Top of Dataset content

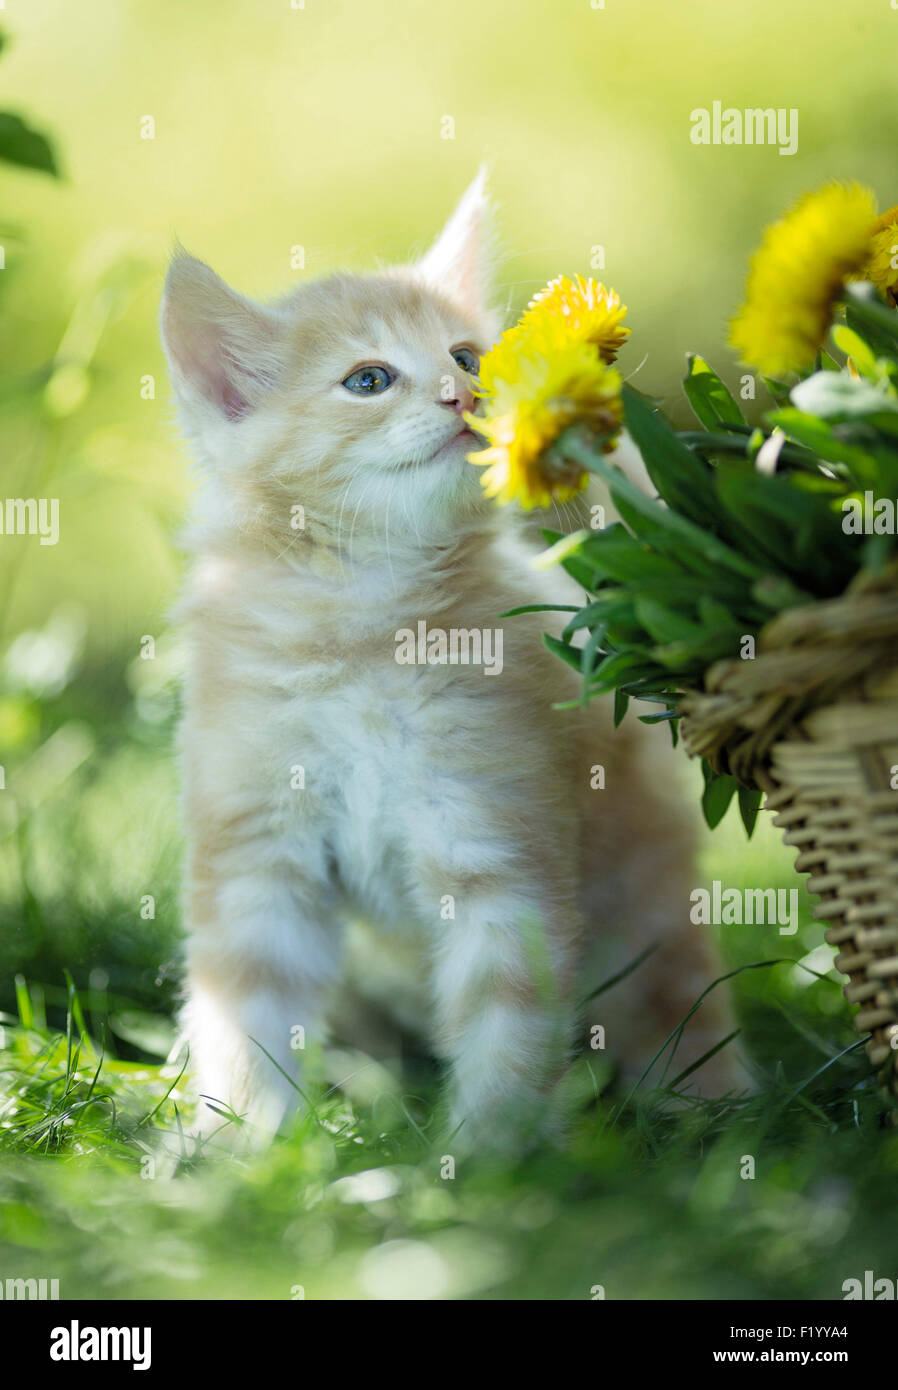 https://c8.alamy.com/comp/F1YYA4/norwegian-forest-cat-tabby-kitten-sniffing-at-straw-daisy-basket-germany-F1YYA4.jpg
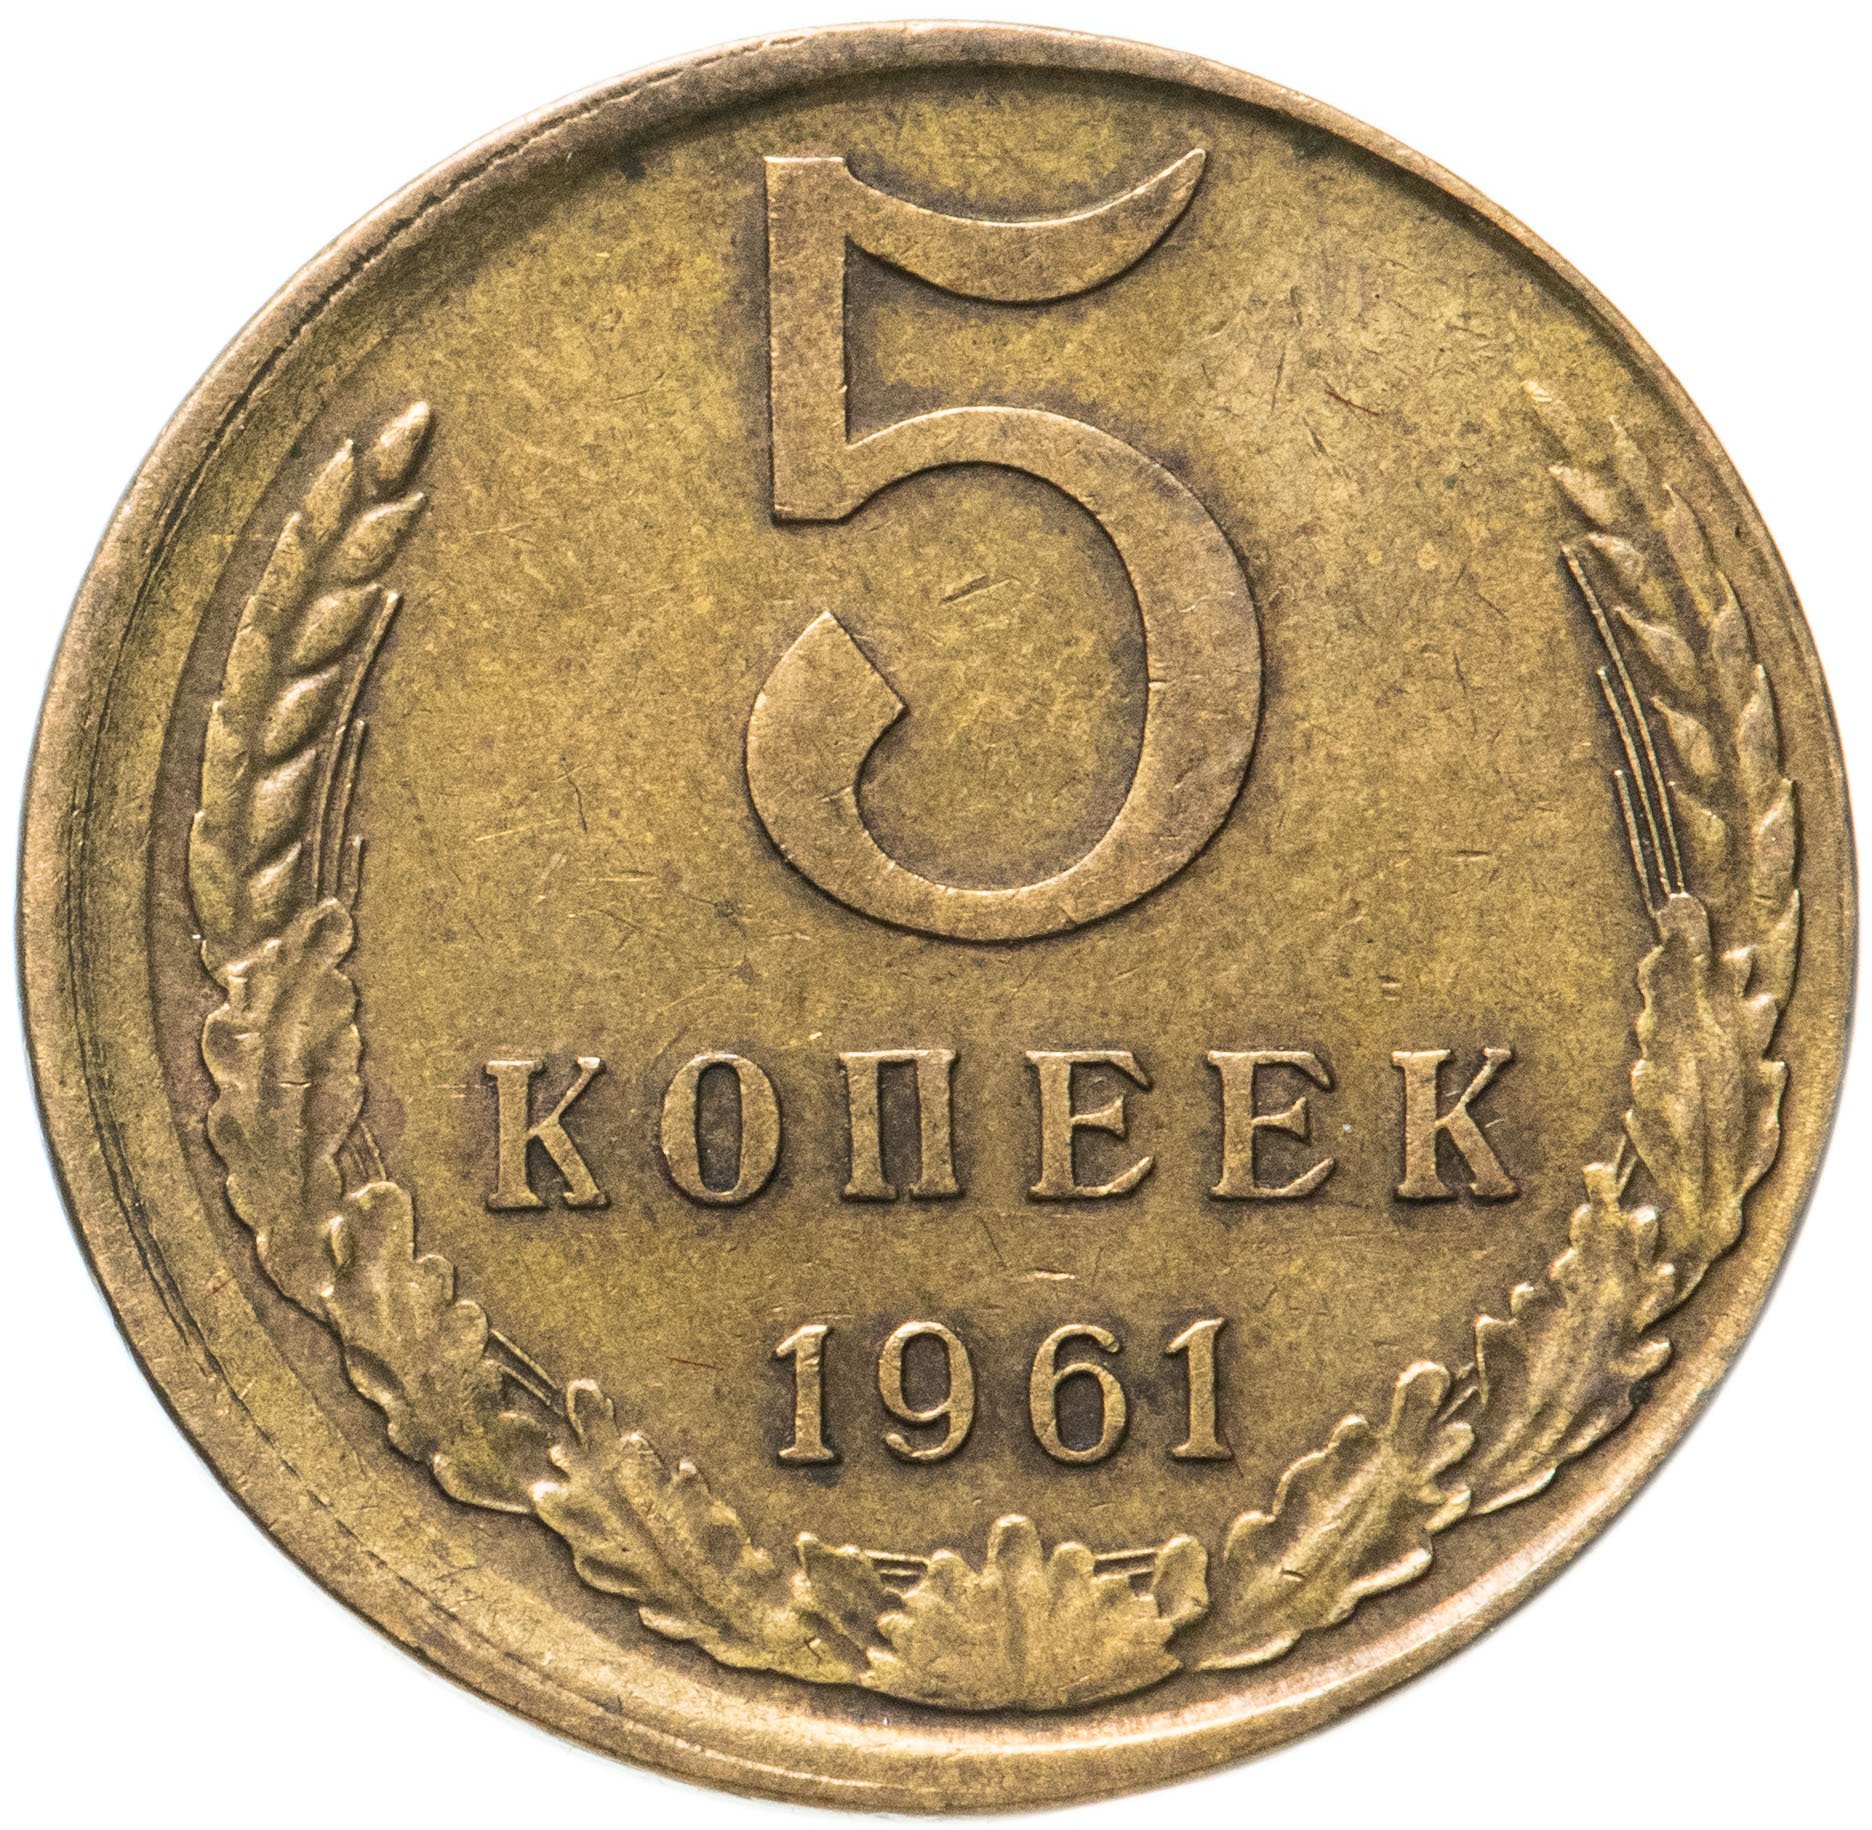 60 рублей 25 копеек. Советские монеты. Монета 2 копейки. Монеты СССР до 1961 года. Копейка монета.
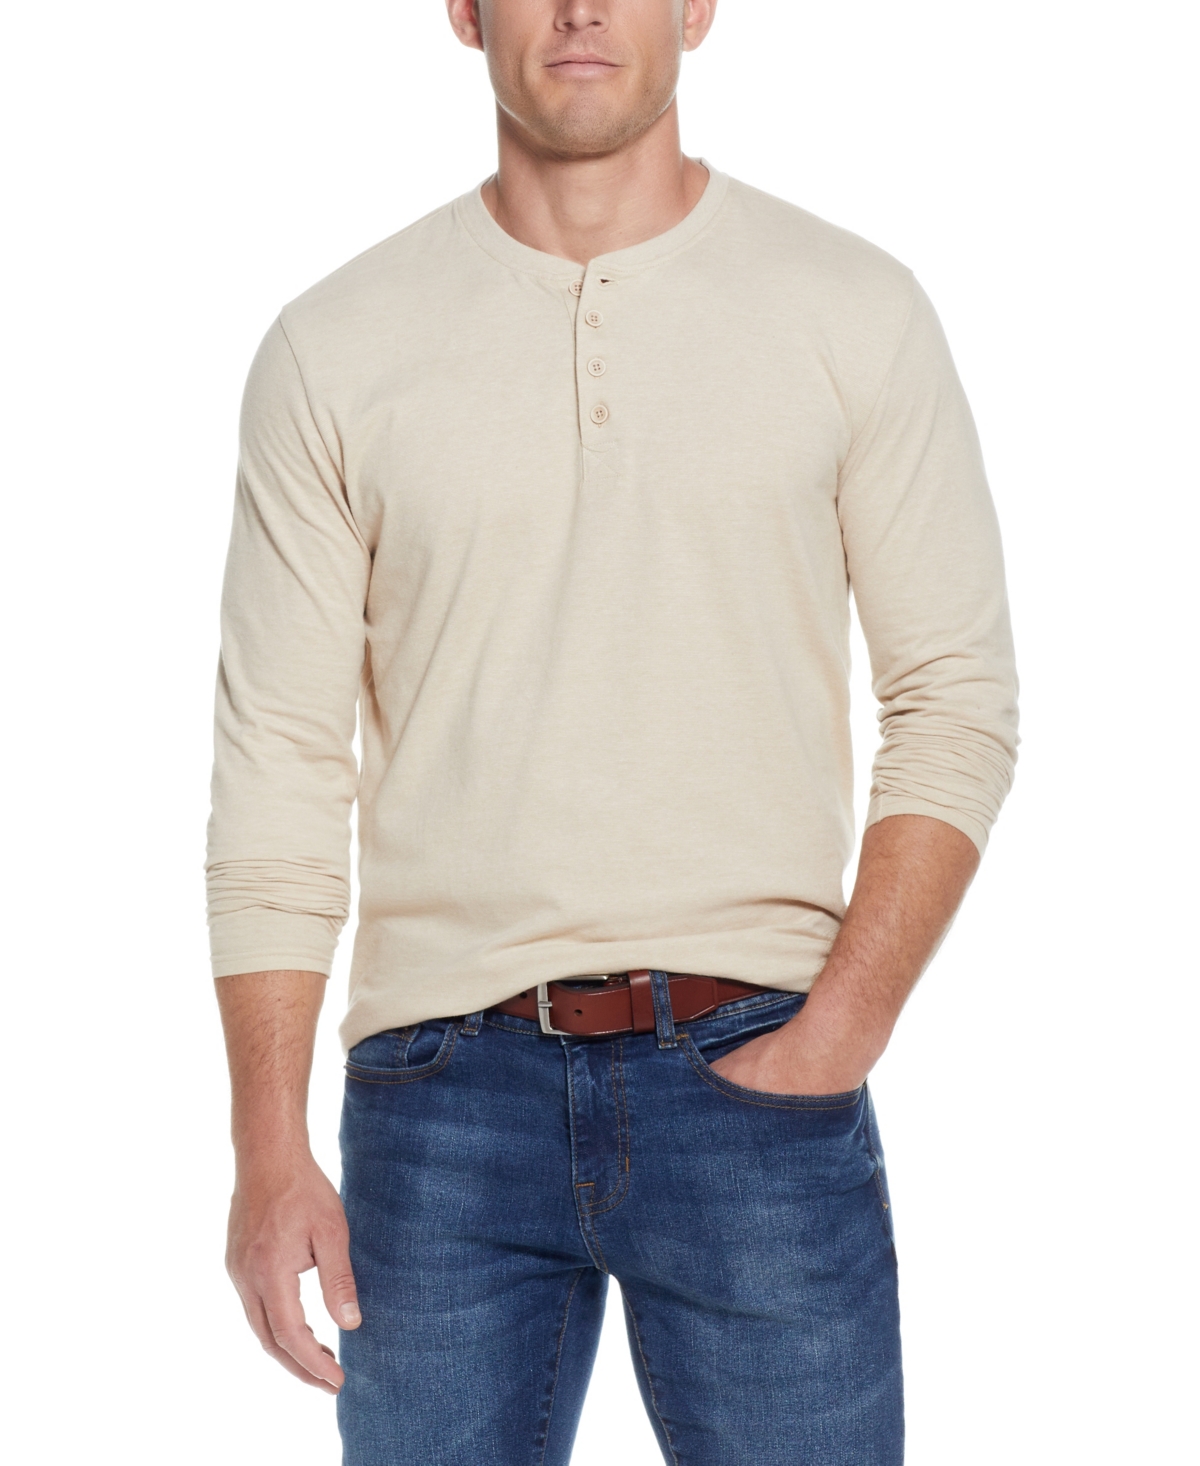 Weatherproof Vintage Men's Long Sleeve Sueded Microstripe Henley T-shirt In Natural

Bottom of Dataset content

__Your goal__.
Leave out the images and copy all remaining data word for word.

__Answer for the task__.
 https://c8.alamy.com/comp/F1YYA4/norwegian-forest-cat-tabby-kitten-sniffing-at-straw-daisy-basket-germany-F1YYA4.jpg
 60 рублей 25 копеек. Советские монеты. Монета 2 копейки. Монеты СССР до 1961 года. Копейка монета.
 Weatherproof Vintage Men's Long Sleeve Sueded Microstripe Henley T-shirt In Natural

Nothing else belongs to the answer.